UCF STIG Viewer Logo

IBM RACF users must have the required default fields.


Overview

Finding ID Version Rule ID IA Controls Severity
V-223717 RACF-ES-000700 SV-223717r604139_rule Medium
Description
Ensure that Every USERID is uniquely identified to the system. Within the USERID record, the user's name, default group, the owner, and the user's passdate or phrasedate fields are completed. This will uniquely identify each user. If these fields are not completed for each user, user accountability will become lost. RACF will automatically assign the default group as the password if a password is not explicitly coded. Assign a unique password to every userid to prevent unauthorized access by a person who knows the default group for a new userid.
STIG Date
IBM z/OS RACF Security Technical Implementation Guide 2021-07-05

Details

Check Text ( C-25390r514839_chk )
From a z/OS command screen enter:
ListUser *

Examine each user entry verify every user is fully identified with all of the following conditions:
-A completed NAME field that can either be traced back to a current DD2875 or a Vendor Requirement (example: A Started Task).
-The presence of the DEFAULT-GROUP and OWNER fields.
-The PASSDATE field or the PHRASEDATE field accordingly is not set to N/A excluding users with the PROTECTED attribute.

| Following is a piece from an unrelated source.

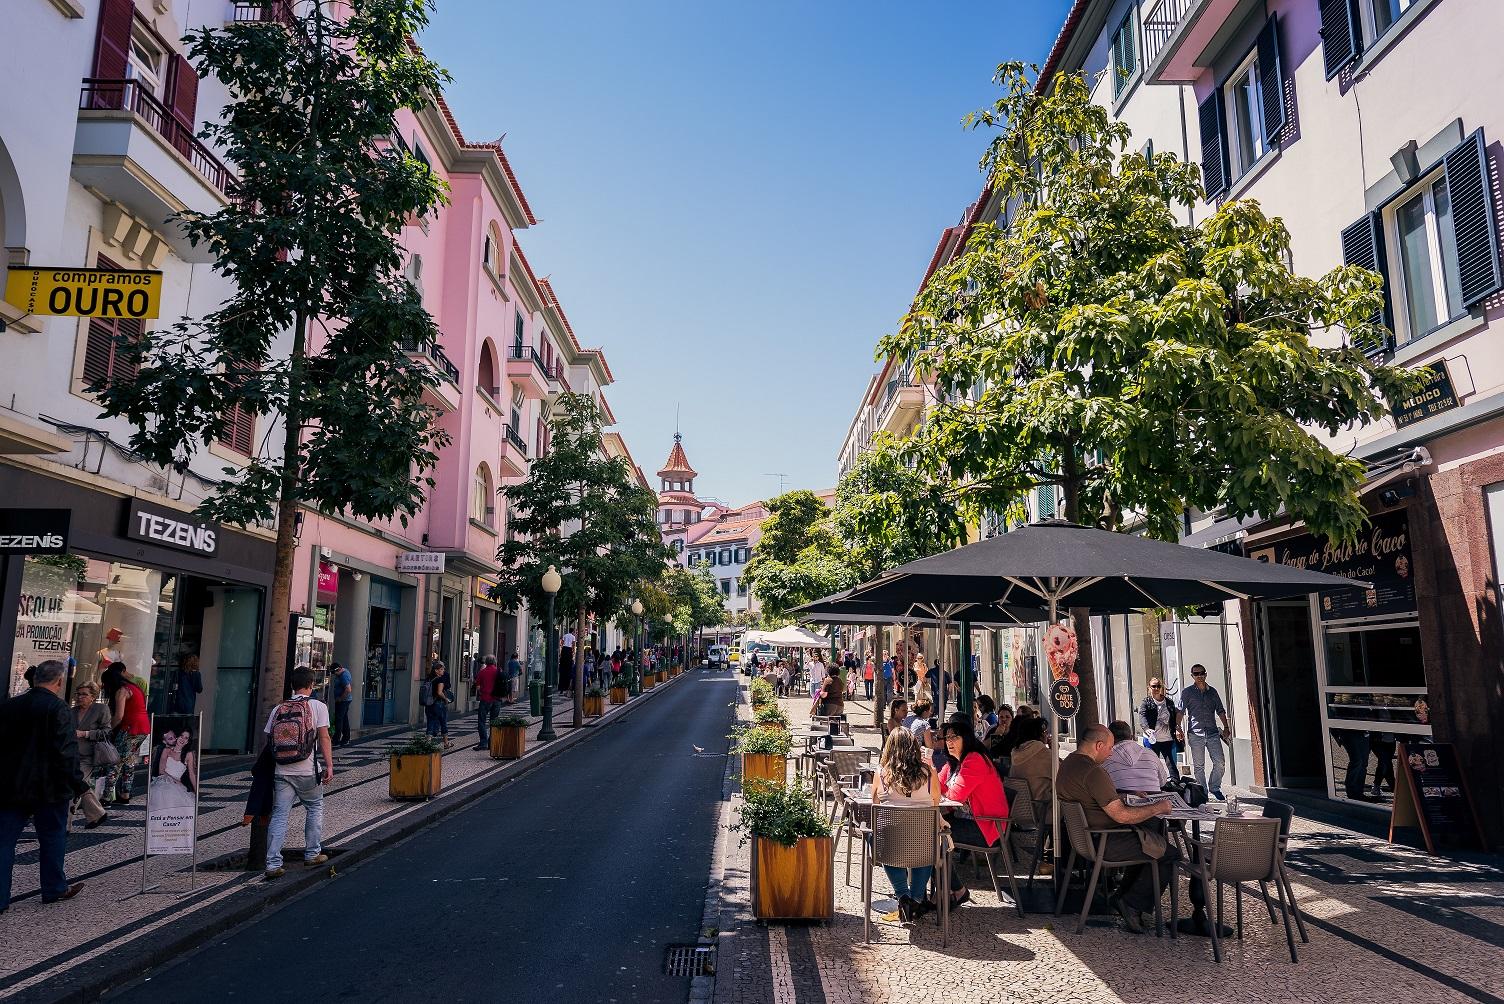 Francisco Correia and Visit Madeira 6 2
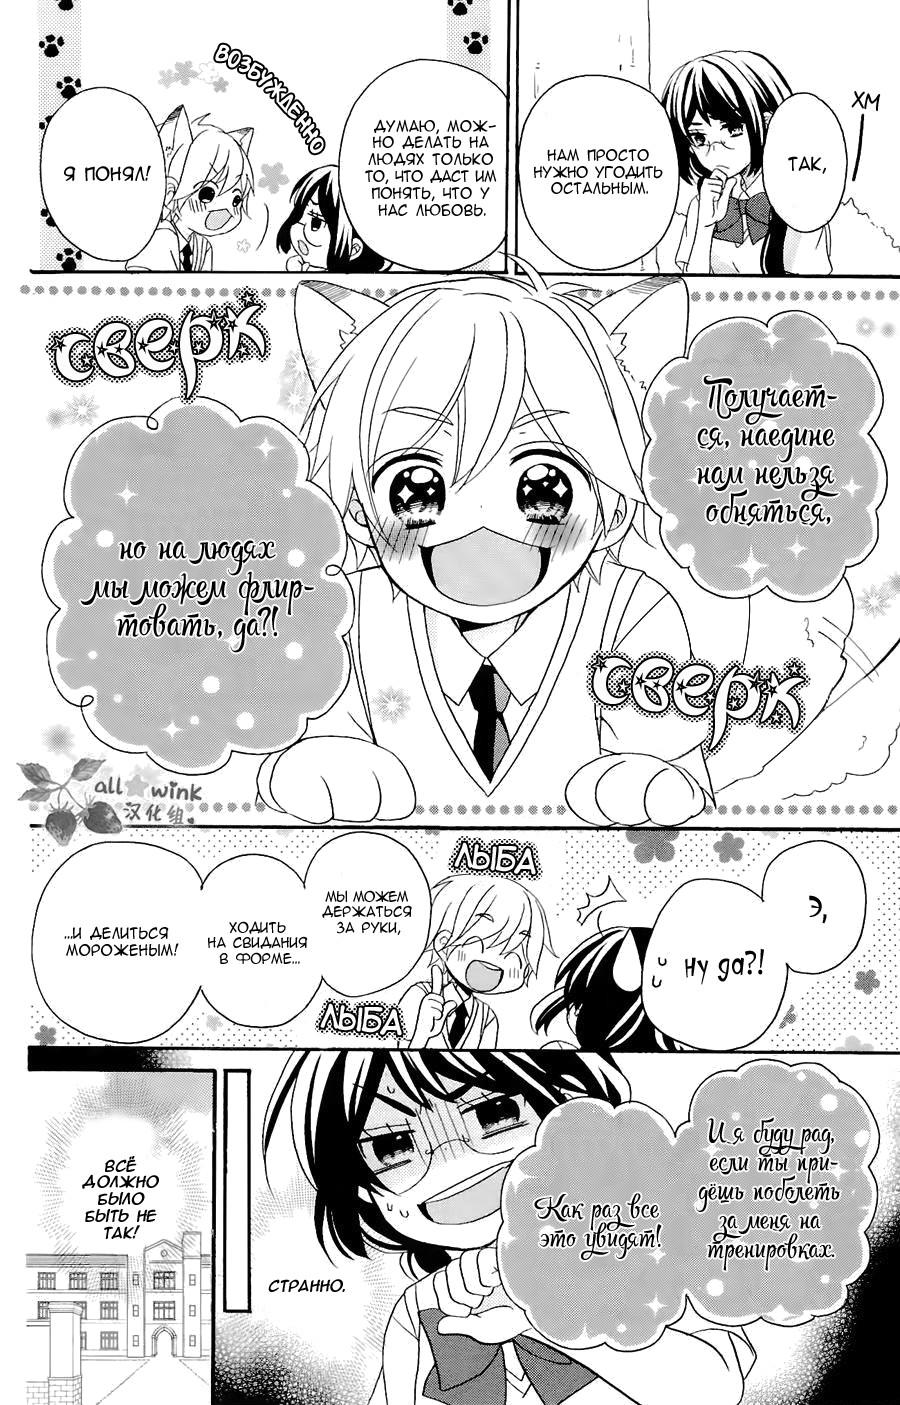 https://r1.ninemanga.com/comics/pic2/10/27402/322807/1492128781316.jpg Page 10

If all of the above are true, this is not a finding.

If any of above is untrue, this is a finding.
Fix Text (F-25378r514840_fix)
Review all USERID definitions to ensure required information is provided. Evaluate the impact of correcting the deficiency. Develop a plan of action and implement the changes listed in this PDI. The following are sample commands to correct this vulnerability.

-To Add a NAME to a userid with the command ALU NAME('lastname, firstname').
-Every user will be assigned a default group by default. A sample command to reassign a default group is shown here: ALU DFLTGRP(). You must first be connected to a group via the RACF CONNECT command before making it a default group.
-A PASSDATE field or a PHRASEDATE field showing 00.000 indicates that a temporary password or password phrase has been assigned but the user has not logged in and set a permanent value. This could indicate that a new userid was recently added or that a userid previously added is unused and should be considered for deletion. The ISSO should investigate and determine if the userid should be deleted or that the new user should be contacted and told to login to set a permanent value.